Сюжет на самом деле начал развертываться в Версале, и первый акт драмы завершился пророчеством Веблена. Второй акт был поставлен на германской сцене — то было крещендо живописных путчей, апофеозом которых стало национальное банкротство, совпавшее с выступлением Гитлера в мюнхенском пивном зале. Теперь, наконец, действие смещается на мировые рынки, в то время как бурный немецкий эксперимент оставили докипать в безвестности. Все это время Банк Англии отнюдь не пребывал в праздности. Норман весьма внимательно следил за происходившими событиями, обращая особое внимания на действия, которые в то время совершал его друг Бен Стронг по ту сторону Атлантики.
Как раз в то время, когда заключался Версальский договор, то есть, в июне 1919 года, Соединенные Штаты переживали свой первый послевоенный бум, необычайную кредитную инфляцию, запущенную мировой войной, потребовавшей массовых закупок продовольствия и товаров со стороны союзников. При обилии золота в хранилищах, распухшей кредитной базе, взлете цен и низкой безработице дополнительные, лишние американские кредитные деньги породили взлет на фондовой бирже и стимулировали спекуляцию недвижимостью, достигшей своего апогея в ноябре 1919 года (24). Эта игровая мания достигла таких масштабов, что проценты по займам до востребования*
* Займы, которые выплачивались в срок по выбору заемщика или кредитора с оповещением за 24 часа.
достигли астрономической высоты — 20 процентов. В Лондоне, как и в других финансовых центрах, такие квоты достигались, как только извлеченные в Сити банковские сальдо доставлялись по банковским сетям на Уолл-стрит, чтобы поддерживать такие высокие ставки. Другими словами, тем самым осуществлялся экспорт капитала, и, пока трансферт был устойчив (британские инвесторы продавали фунты и приобретали доллары), фунт стерлингов ослаблялся по отношению к доллару, который в 1919 году был единственной валютой, привязанной к золоту; ослабление по отношению к доллару автоматически означало ослабление по отношению к золоту.
Если принять, что главной целью Британии после «возвращения в нормальное состояние» действительно было возвращение золотого стандарта ее валюты, то такое бегство капитала и падение обменного курса представляло серьезную проблему и препятствие. Но почему так важно было снова привязать валюту к золоту? «Ради престижа!» — в один голос отвечали хранители британских сокровищ. Но это была ложь, и немалая.

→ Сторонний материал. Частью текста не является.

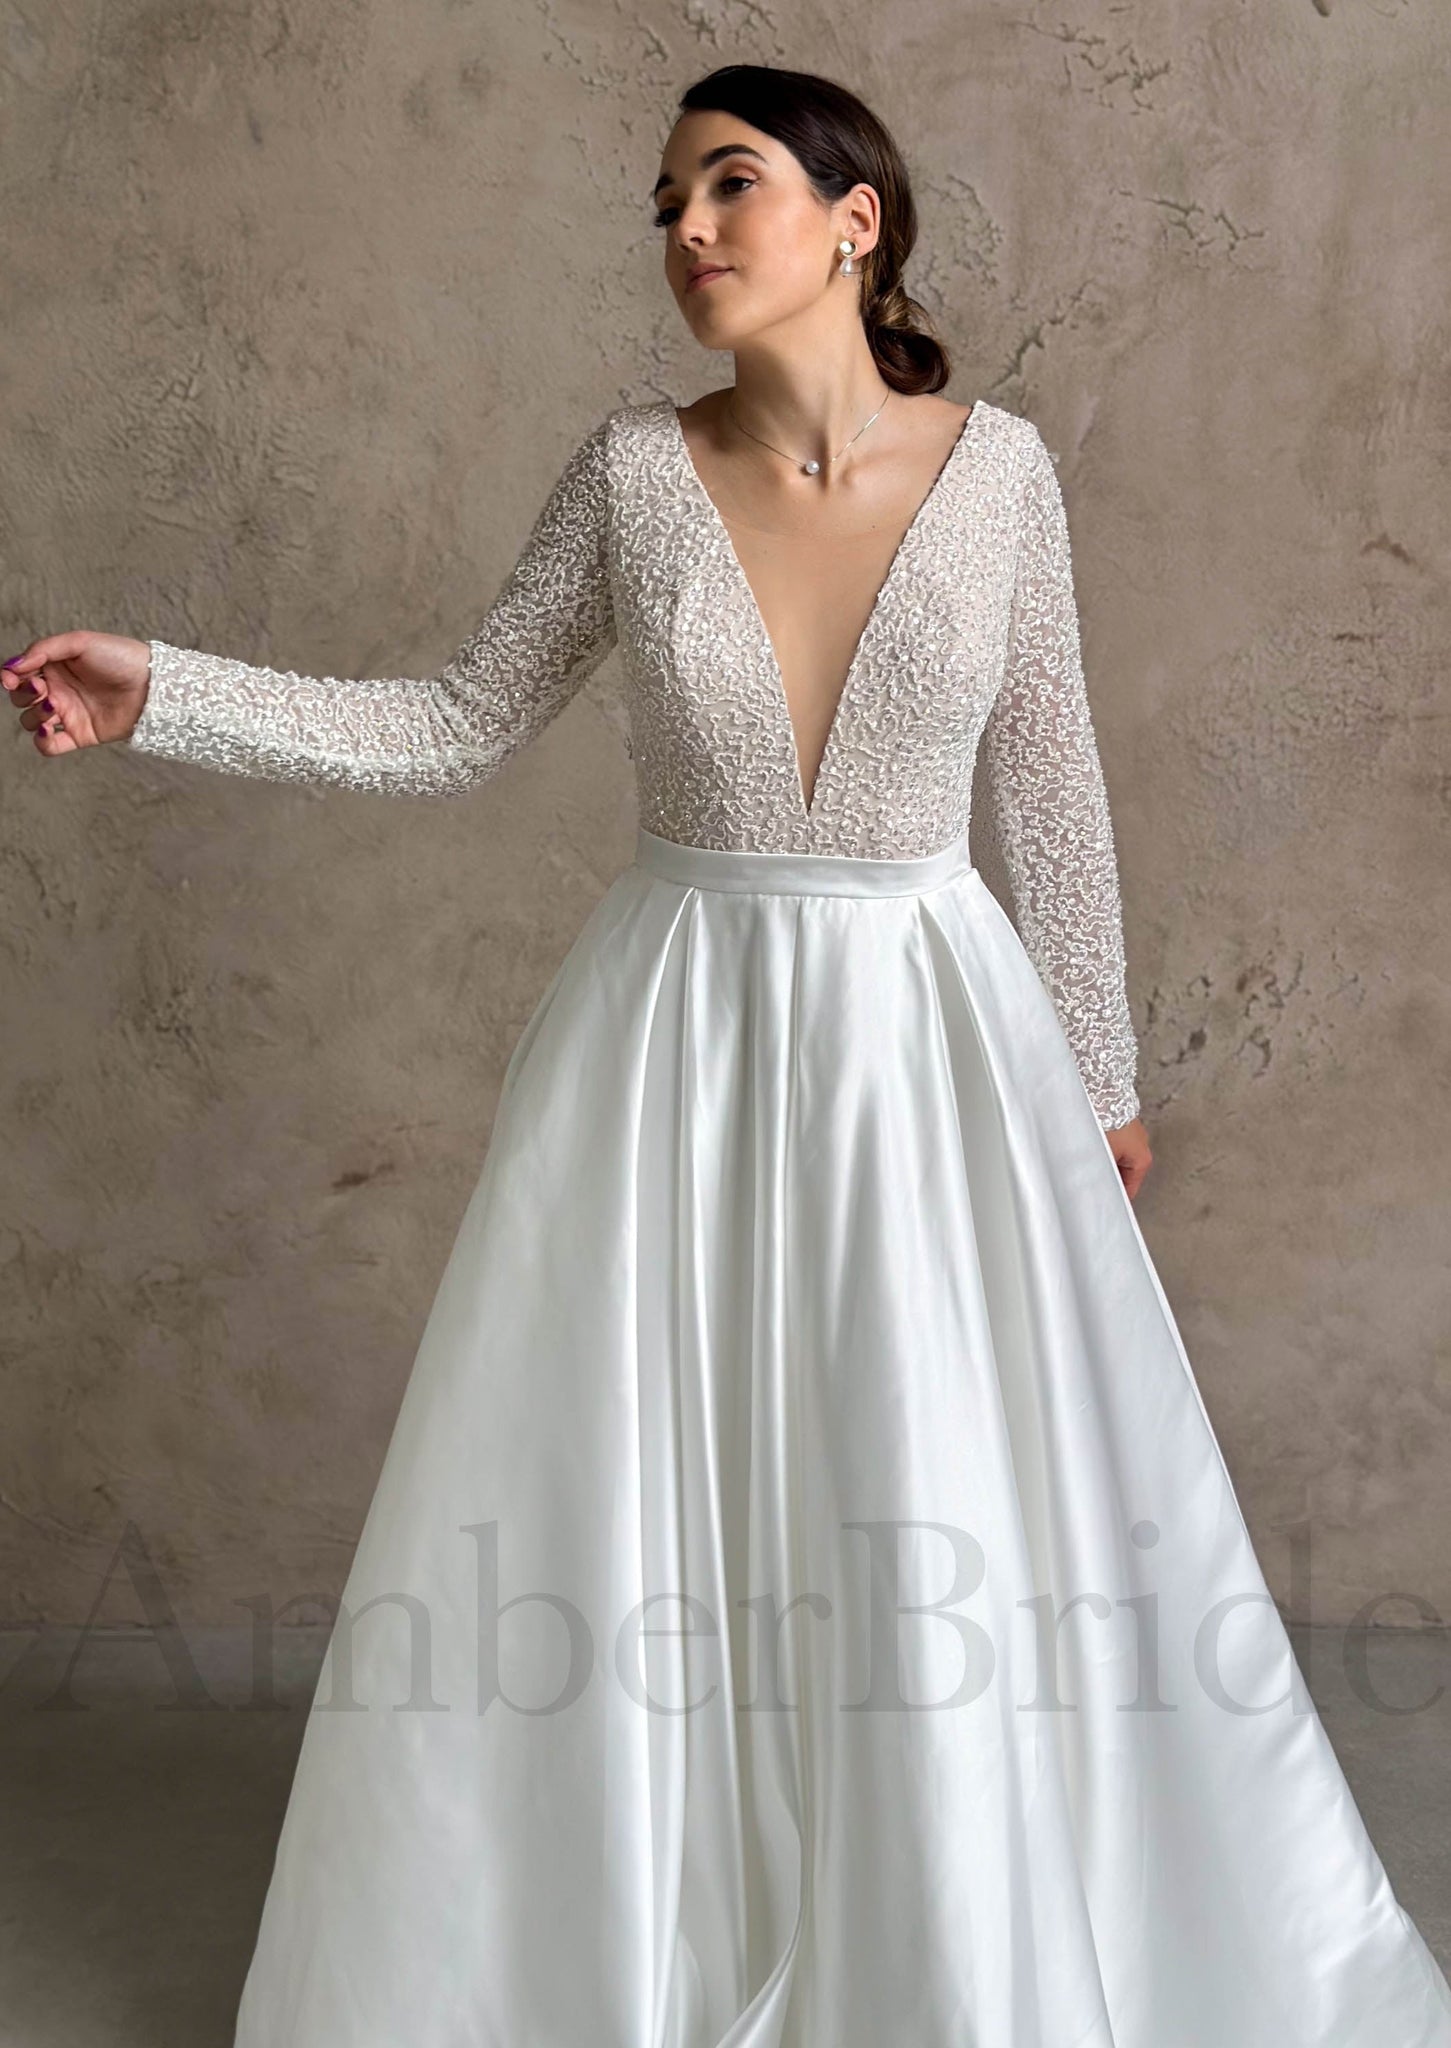 Exclusive A-Line Wedding Dress with Long Sleeve, Deep V-Neck and V-Back
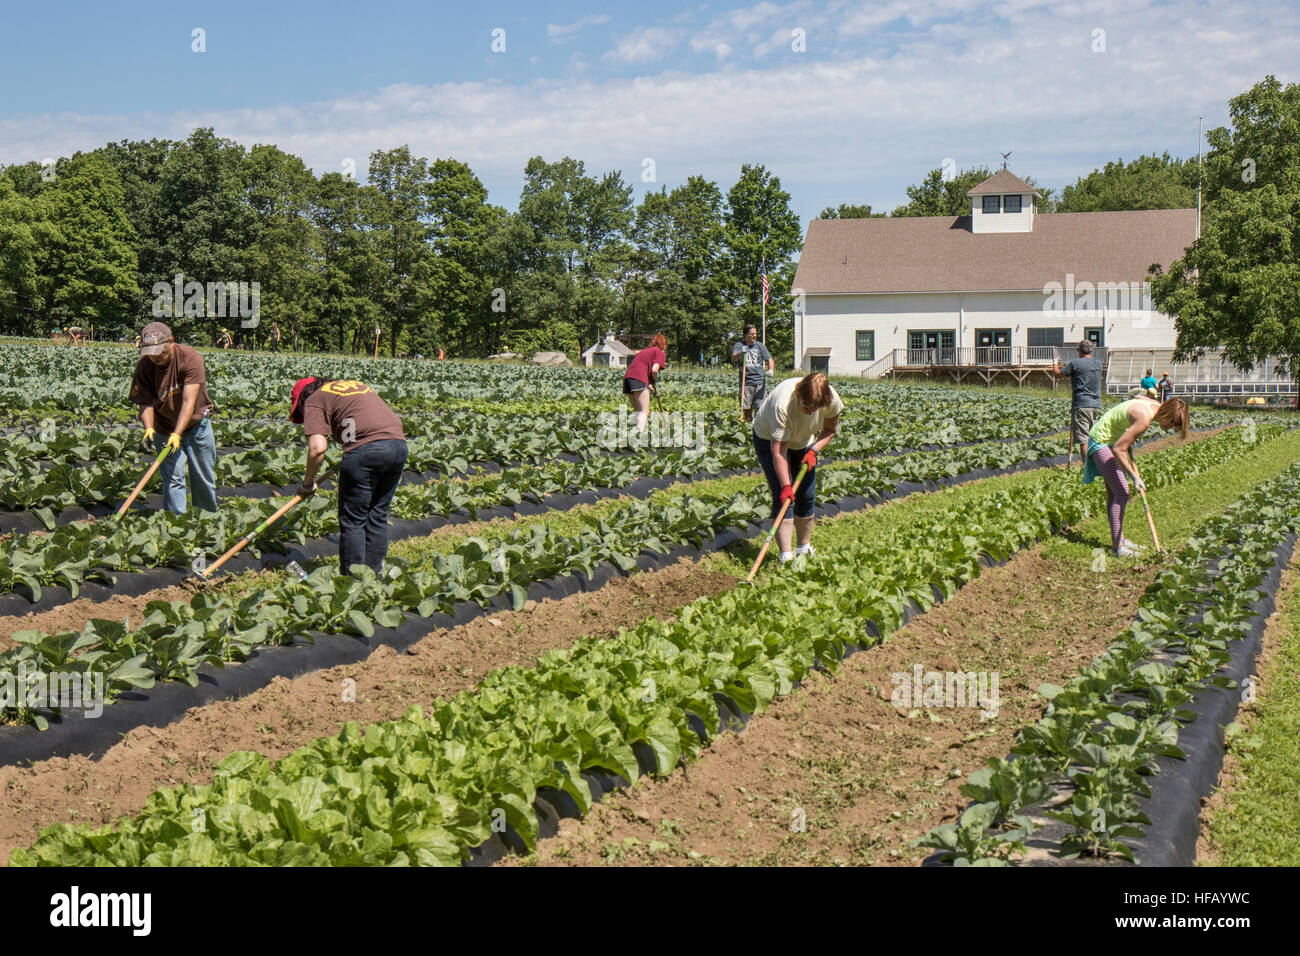 People working on a vegetable farm. Stock Photo

В действительности банк готовился к планированию великой стратегической игры, на столько сложной и потенциально настолько опасной, что она требовала величайшей осмотрительности со стороны клубов, посвященных в ее суть. А уж они-то знали, как себя держать и какую мину строить, когда дело дошло до дерзких расспросов со стороны общества относительно их деятельности: они просто не стали «ни объясняться, ни оправдываться». Эту максиму, как говорят, «чрезвычайно любил Норман» (25).
Для того чтобы вернуться к золотому стандарту, Британия отвела себе пять лет — до 1925 года (26). Но сначала ей следовало урегулировать некоторые проблемы в колониях.